Dans un décor nu éclairé à la chandelle, un squelette écrit à la plume sur une feuille. Sa tête repose sur son bras gauche accoudé à ce qui lui sert de table sur laquelle se trouvent également un sablier, un encrier et des livres. L’un d’eux est ouvert et montre des figures astrologiques.

La représentation évoque tout ensemble la mort, le destin et la méditation mélancolique - thème emblématique de la création artistique - dans la crudité d’un cadre sans fard, nocturne, exalté par la lumière artificelle.

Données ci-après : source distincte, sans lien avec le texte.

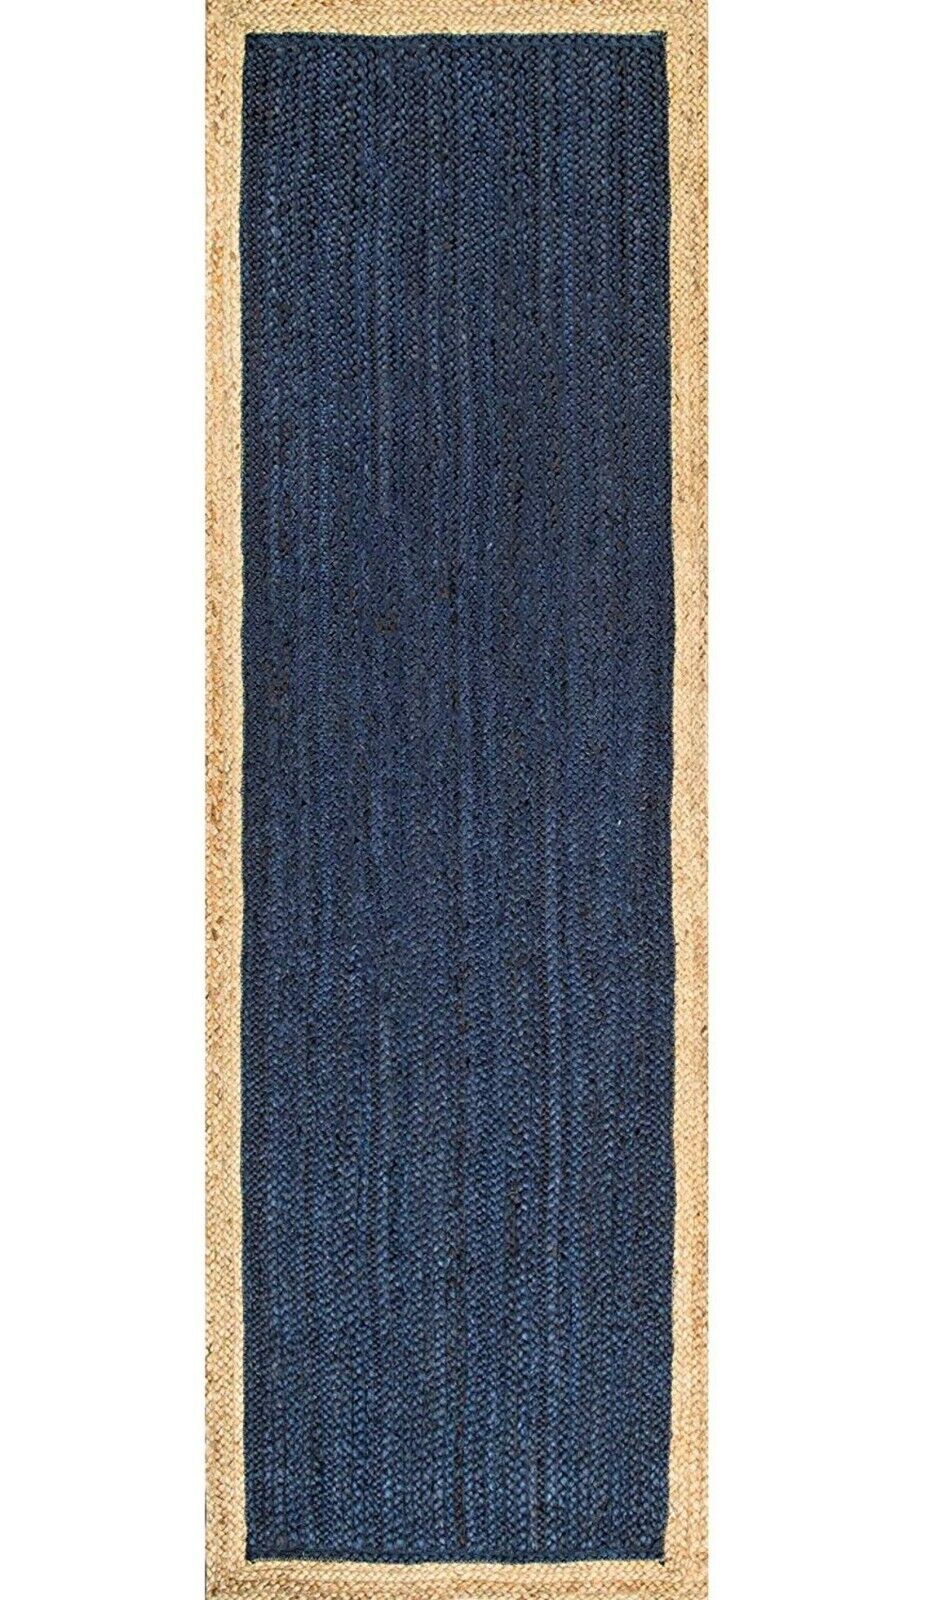 Rug 100%Blue Rectangle Runner Handmade Natural Border Floor Mat Decor Modern Rug Prawdziwie niska cena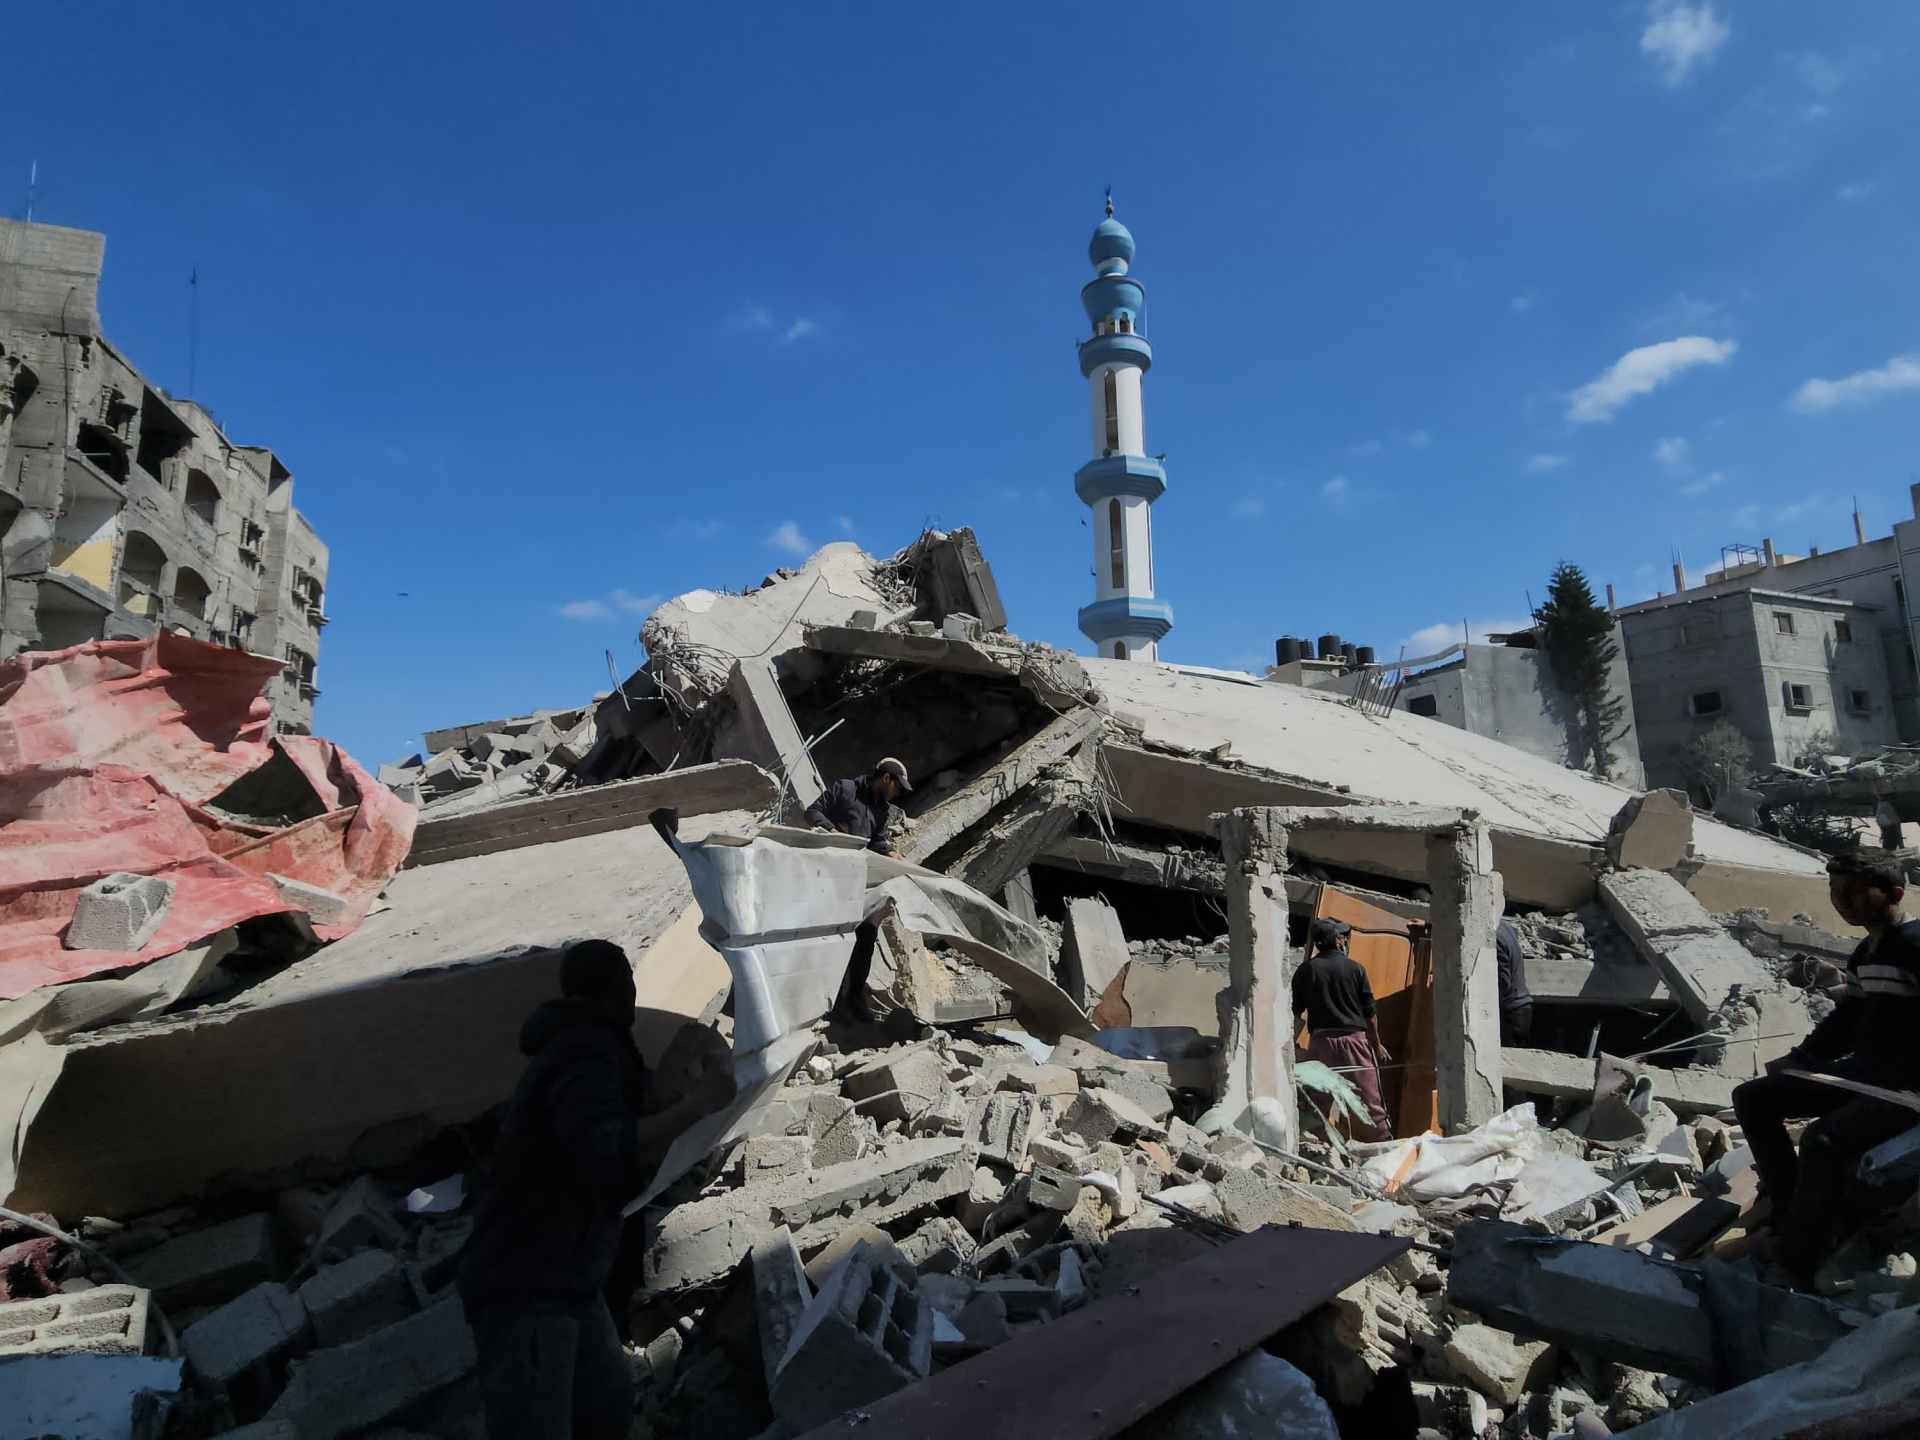 هيئات إغاثية تندد بوضع غزة “الأكثر من كارثي” | أخبار – البوكس نيوز

Jacques Stella a été confronté tôt à la mort, à celle de son père survenue alors qu’il n’avait pas 9 ans. Un an avant la date portée au verso de ce dessin, en 1647, son frère François avait à son tour disparu. Il a 52 ans et son biographe, Félibien, souligne une santé délicate que confirment les effigies françaises de Vic-sur-Seille et de Lyon, qui doivent dater de ce moment, ou peu avant.



Autoportrait avec sa mère, Vic-sur-Seille, musée, détail

Autoportrait, Lyon, Musée des Beaux-Arts

Le commanditaire de l’image - responsable ou destinataire de l’iconographie - est présenté au dos : “le médecin monsieur Renodot”, qui, nous dit-on, “a l’original de cette Mort”. Il s’agit de Théophraste Renaudot, plus célèbre aujourd’hui pour avoir, sous la protection de Richelieu, créé la Gazette en 1631, ce qui en fait un pionnier de la presse périodique, que pour ses qualités de médecin. Lesquelles sont, a contrario, pertinentes, ici. Il y mêle des préoccupations sociales en faveur des plus démunis hors du courant charitable, donc du fait religieux, ce qui lui procure de solides inimitiés.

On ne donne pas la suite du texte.